As another example of the long historical arc of the civil rights moment, a movement Baldwin saw as having failed to achieve many of its objectives, we would do well to look at voter suppression initiatives currently being spearheaded by Republican legislatures in the US. As of May 2021, there are more than 360 bills at the state level aiming to make it more difficult for people to vote. That the obstacles to democracy envisioned by these bills disproportionately affect people of colour is, sadly, not surprising. In 1963 Baldwin participated in voter registration drives in the US South; these were grassroots initiatives mounted against entrenched white supremacy to expand the franchise and give more Black people the chance to exercise their constitutionally guaranteed right. Nearly 80 years later, the same fights over who gets a chance to participate in democracy – in the putative global ideal of democracy no less – are still being waged.
Ord&Bild: Maybe there is more to say about the complexity of Baldwin and his work that contrasts to what has been magnified in social media? But there might be something entirely different that you want to bring into the discussion.
Cora Kaplan: At the close of a revealing 1984 interview with Richard Goldstein, Baldwin was asked ‘Do you have good fantasies about the future?’ He replied, ‘I have good fantasies and bad fantasies.’ ‘What are some of the good ones?’ ‘Oh, that I am working toward the New Jerusalem. That’s true, I’m not joking. I won’t live to see it but I do believe in it. I think we’re going to be better than we are.’ He wasn’t asked, and didn’t elaborate on the ‘bad fantasies’, but in one of his last, and much less upbeat interviews with Quincy Troupe in 1987, he argued that in Ronald Reagan’s America, things were ‘worse’ than during Dr King’s time, that ‘the whole American optic in terms of the reality is based on the necessity of keeping black people out of it’. Reagan represented to white America ‘the justification of their history, their sense of innocence. He meant the justification of Birth of a Nation. The justification, in short, of being white.’
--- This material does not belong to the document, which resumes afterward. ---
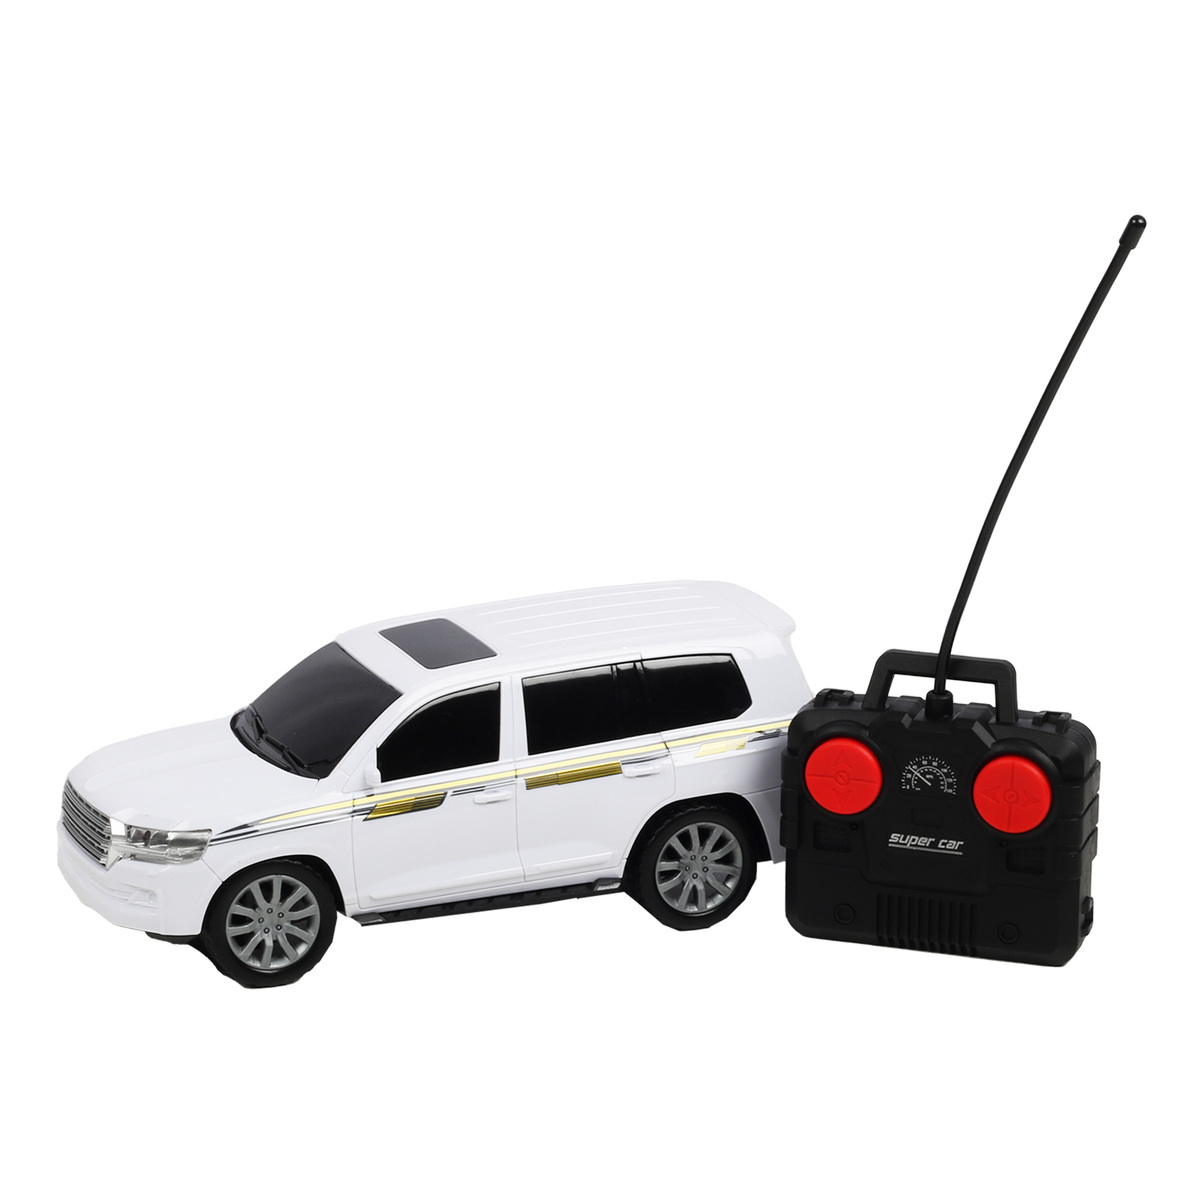 Skid Fusion Rechargeable Remote Control Car 1:14 5514-8

Certainly, since the Ferguson killing in 2014 and the exponential and now international rise of Black Lives Matter, both Baldwin’s optimism about people ‘being better than they are’ and his deep pessimism about an America whose racial ‘optic’ only changes for the worse, have been fully in view. BLM may have claimed the angry political, activist Baldwin as their historic spokesperson, at the expense of the more complicated and self-reflective figure that his work, life and legacy demand, but I believe that his public influence today is very various. To paraphrase the critic Raymond Williams’s comment about another self-made radical, Tom Paine: Baldwin imagined the audience he hoped to bring into being. That project, which embraces his fiction, plays, essays and always nuanced, eloquent public presence – all deeply connected and not to be disassociated – has succeeded.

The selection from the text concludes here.